Monday, November 2, 2015


So last week I had the pleasure of finding a Facebook post of "cardboard confessions" of domestic violence survivors detailing some of their struggles. They were touching, shocking, and brave.

I was able to contact the wonderful photographer and then all of these amazing people who participated. The post went viral in one day, reaching millions of people. I decided that this is exactly what this blog is meant to highlight. The horrible things that happen to innocent people...and the recovery process.

I asked if I could use their photos and stories and a few agreed. Keep an eye out as I will soon post all of their photos (of those who agreed to participate)...and then I will be doing a weekly showcase on each of them a chance to further explain their story and recovery.

These are amazing men and women. Strong and badass men and women. It takes a lot to do what they are doing...but it's about time we broke the silence once and for all.

For all those who plan on leaving hateful comments...don't bother as they will be deleted. Don't waste your time...go educate yourselves instead. These things a part of the solution instead of the problem!

I will also have the photographers information on the following posts. Beautiful photos and talented woman! Looking forward to see her next project which is rumored to focus on PTSD. Which any of my readers knows...I will be on like white on rice.

Tuesday, October 27, 2015

Be the key. Not the prison guard.

"Your story could be the key that unlocks someone else's prison."
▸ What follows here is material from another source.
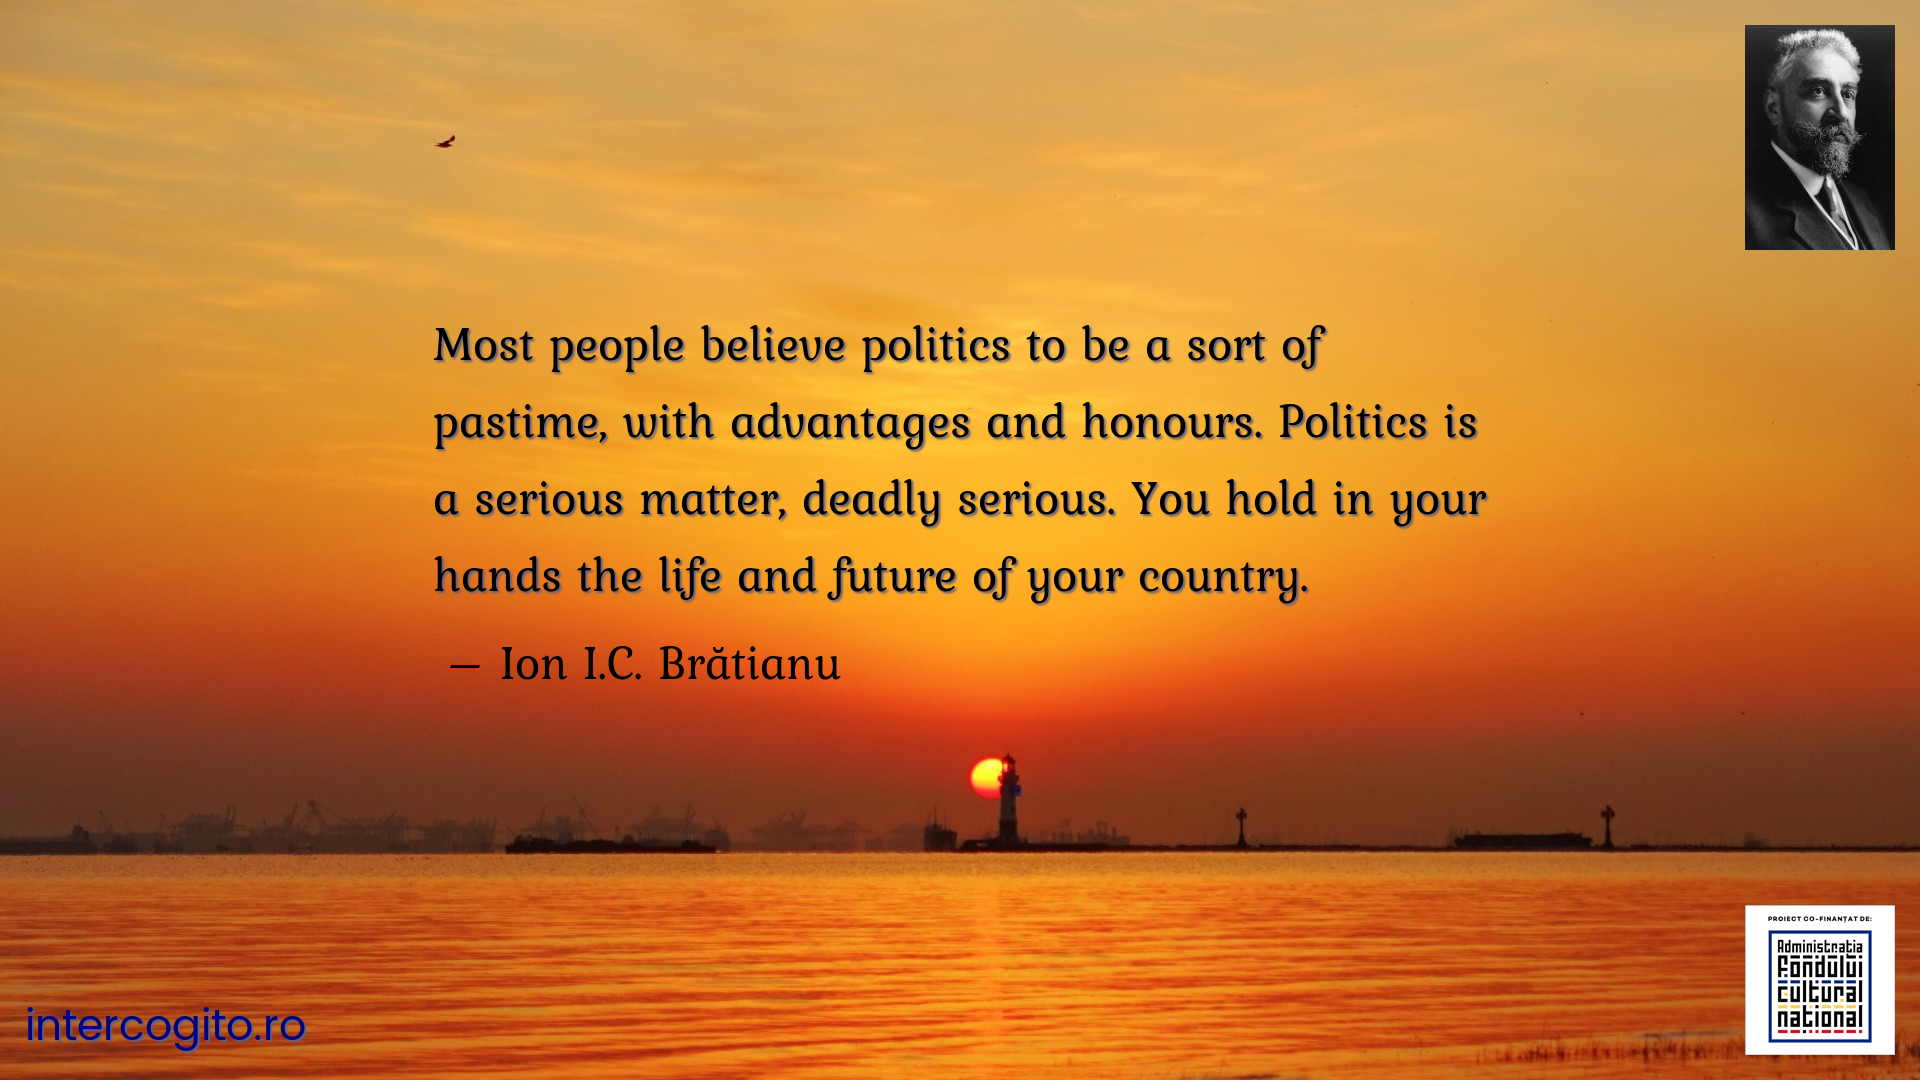 Most people believe politics to be a sort of pastime, with advantages and honours. Politics is a serious matter, deadly serious. You hold in your hands the life and future of your country.

I read that quote today and my heart ached for a moment. I posted on Facebook less than a week ago about how speaking out about your past is a blessing for other people. I said I would never stop telling the stories from my past because the possibility of the stories helping others...far outweigh the negativity.

I can't count the number of times I've been told to "stop seeking attention" or to "keep private information private." It's gotten really old and there have been times I have really considered taking down the blog. I get sick of being mocked and being an easy target.

Lately anyone who follows the page has probably noticed I haven't posted at all. Part of that is being crazy busy. Work, school, baby, wedding, moving...we are stretched thin. But the other part of that is exhaustion. Negativity drains a person.

I find myself re-reading posts thirty times and then not posting them because I think about what some ignorant person is going to say about it.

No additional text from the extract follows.